**Given information**
*** Begin section ***

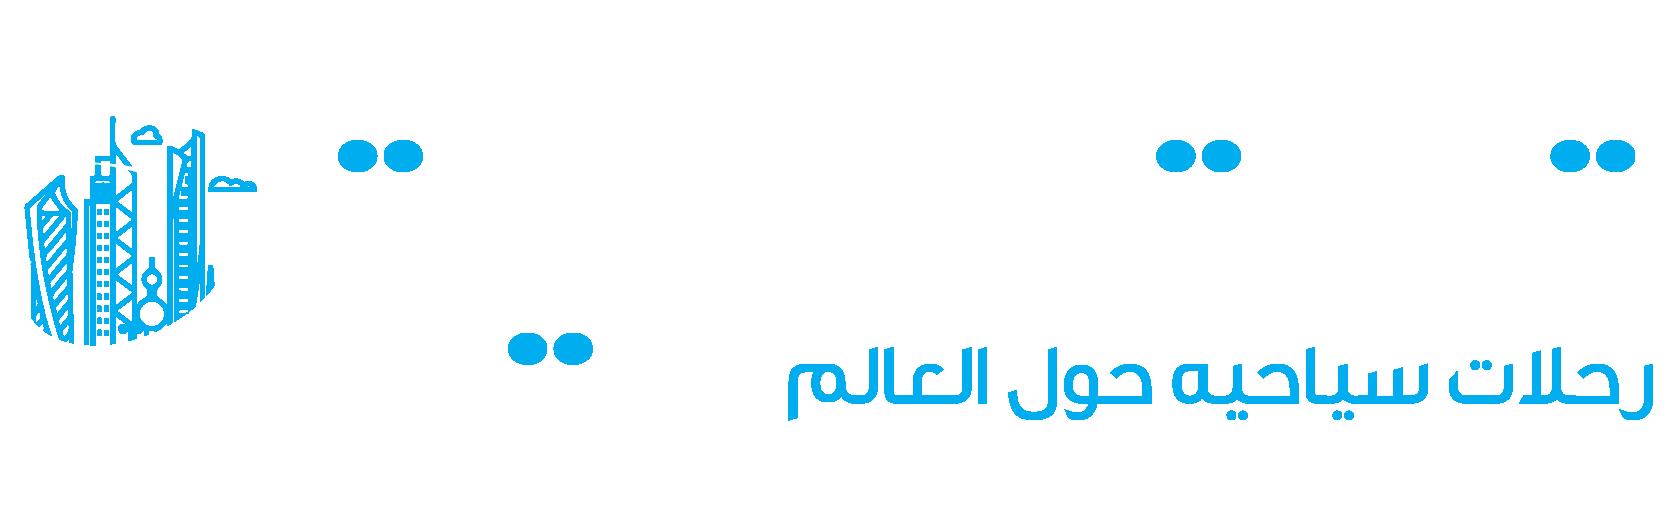 Ciudadela de Kuwait
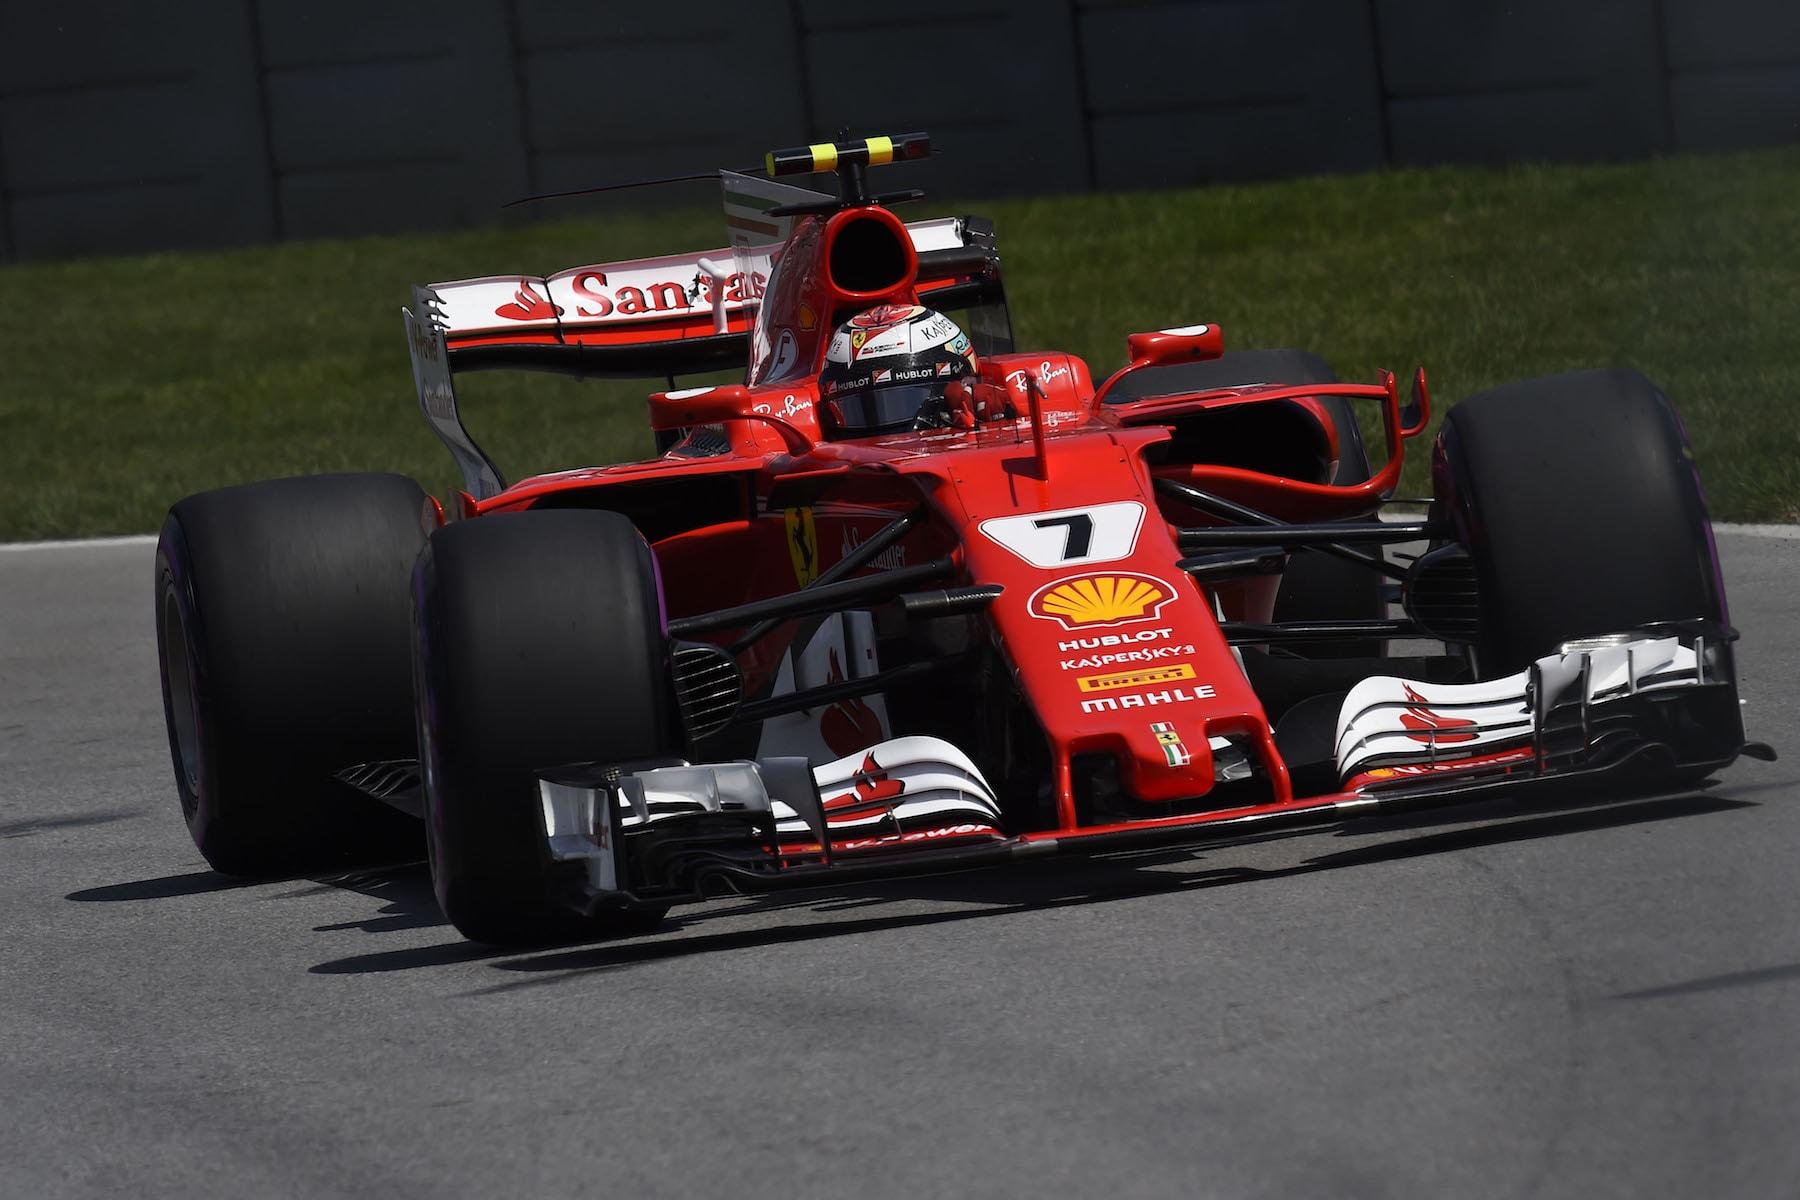 H 2017 Kimi Raikkonen | Ferrari SF70H | 2017 Canadian GP P7 1 copy.jpg
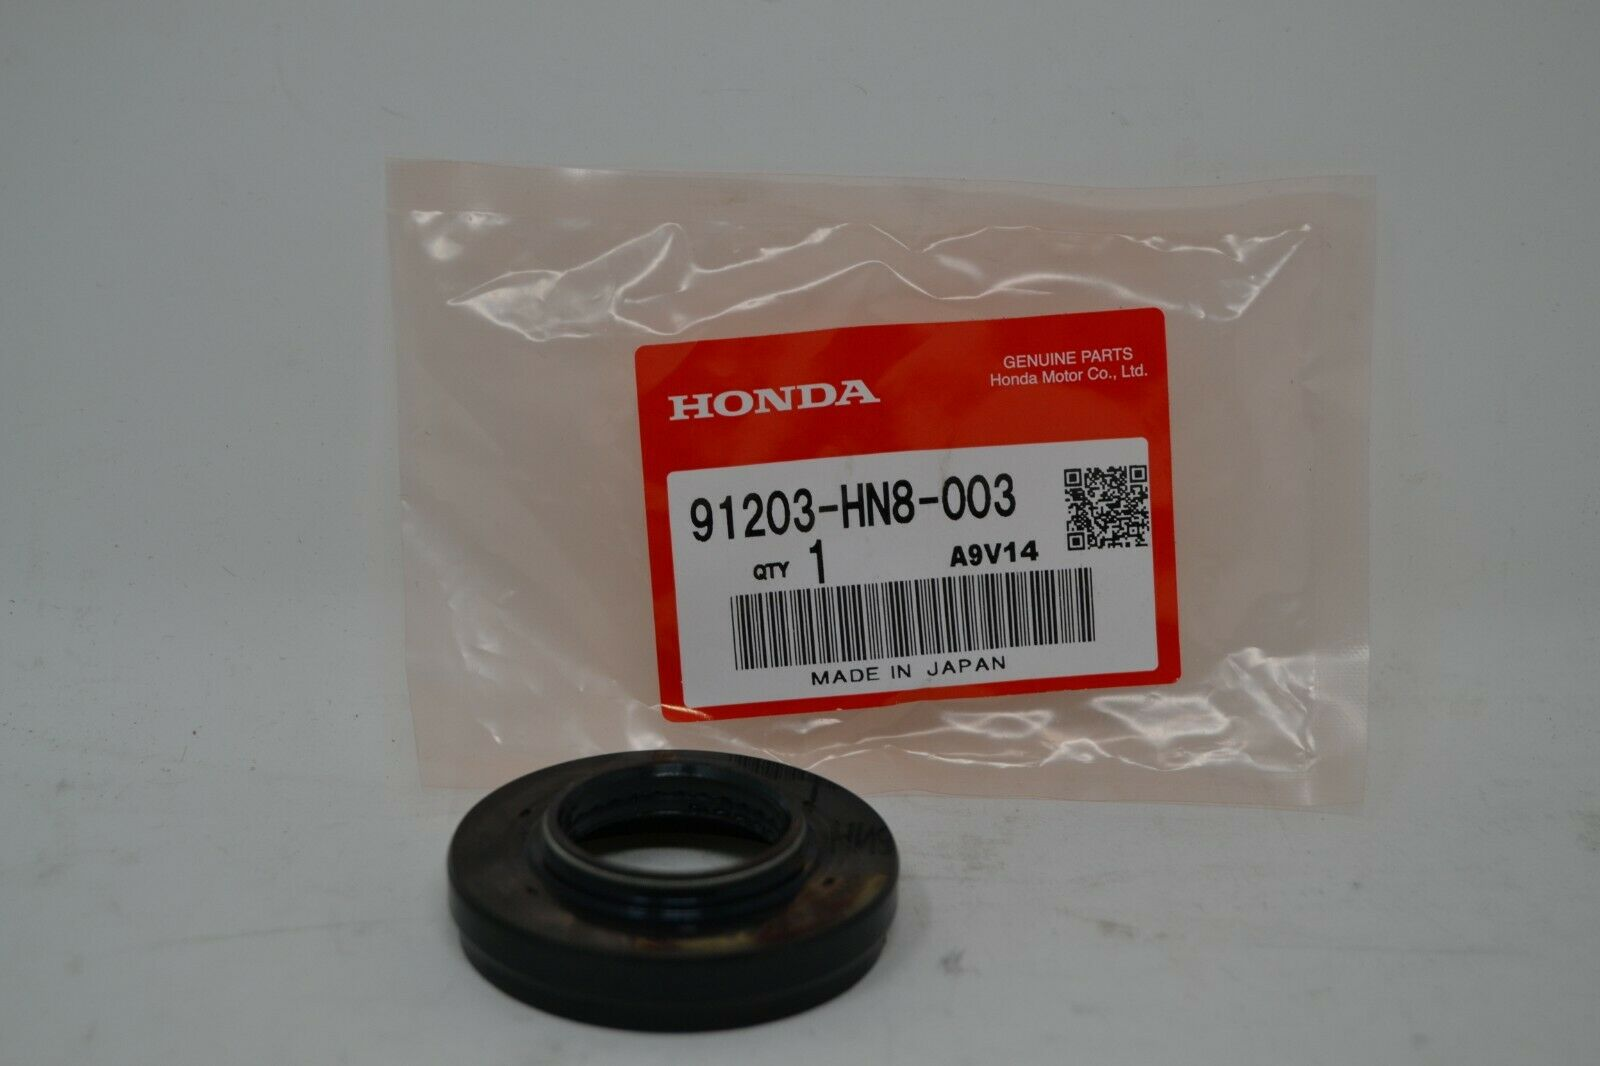 HONDA 91203-HN8-003 OIL SEAL 28X55X7
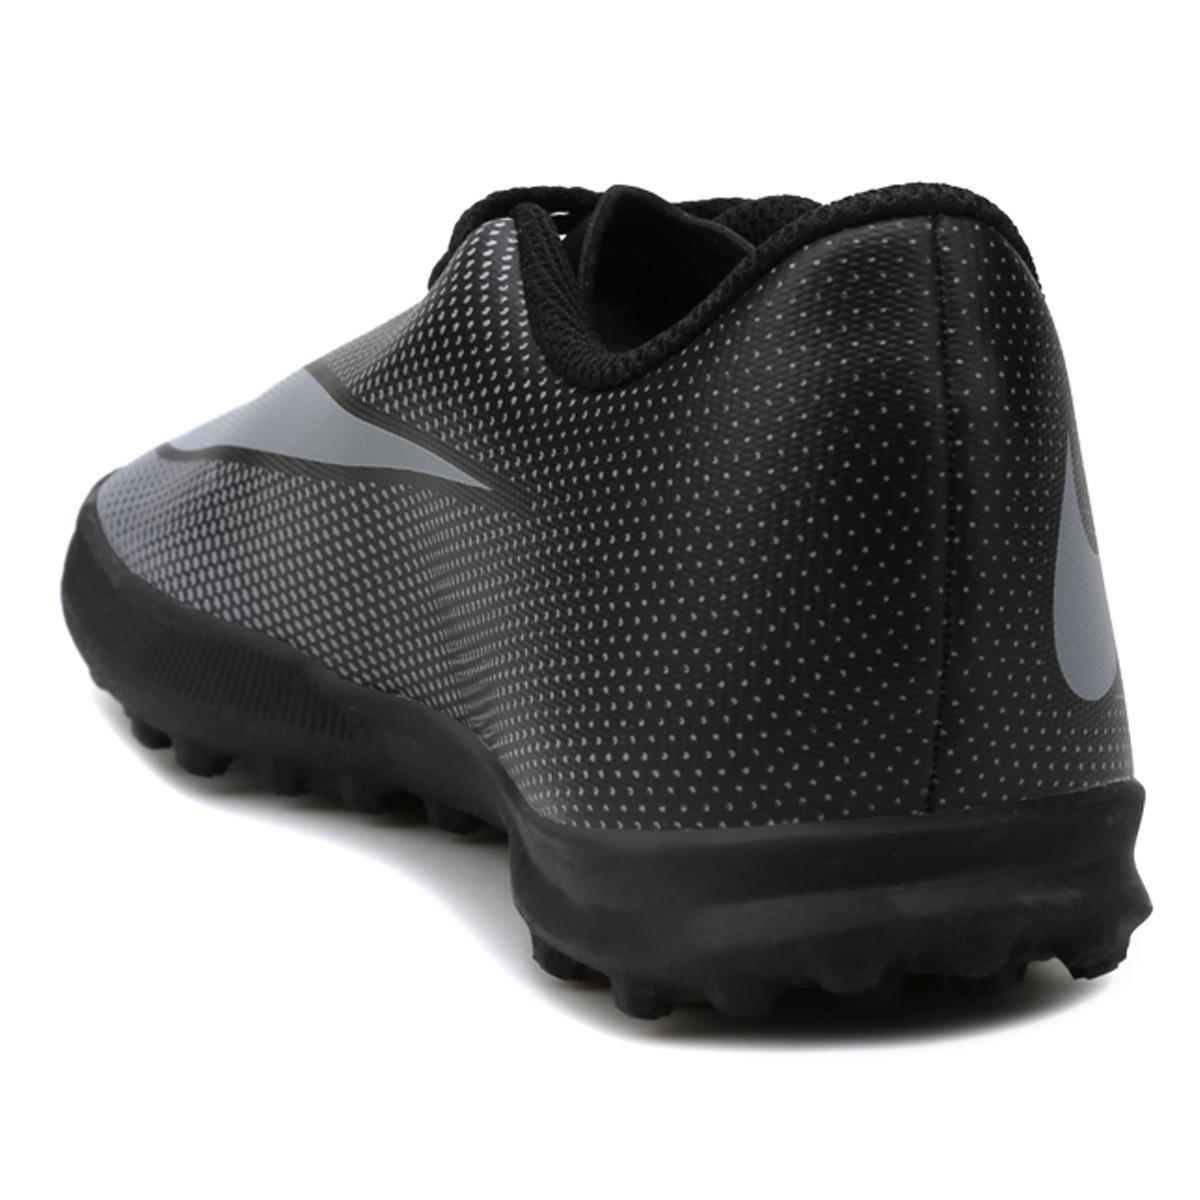 ff107cd831 Chuteira Society Infantil Nike Bravata 2 TF - Compre Agora

*** End section ***

**Task objective**
Write out each line of the data exactly; the images should be left out.

**Answer**
 Ciudadela de Kuwait
 H 2017 Kimi Raikkonen | Ferrari SF70H | 2017 Canadian GP P7 1 copy.jpg
 HONDA 91203-HN8-003 OIL SEAL 28X55X7
 ff107cd831 Chuteira Society Infantil Nike Bravata 2 TF - Compre Agora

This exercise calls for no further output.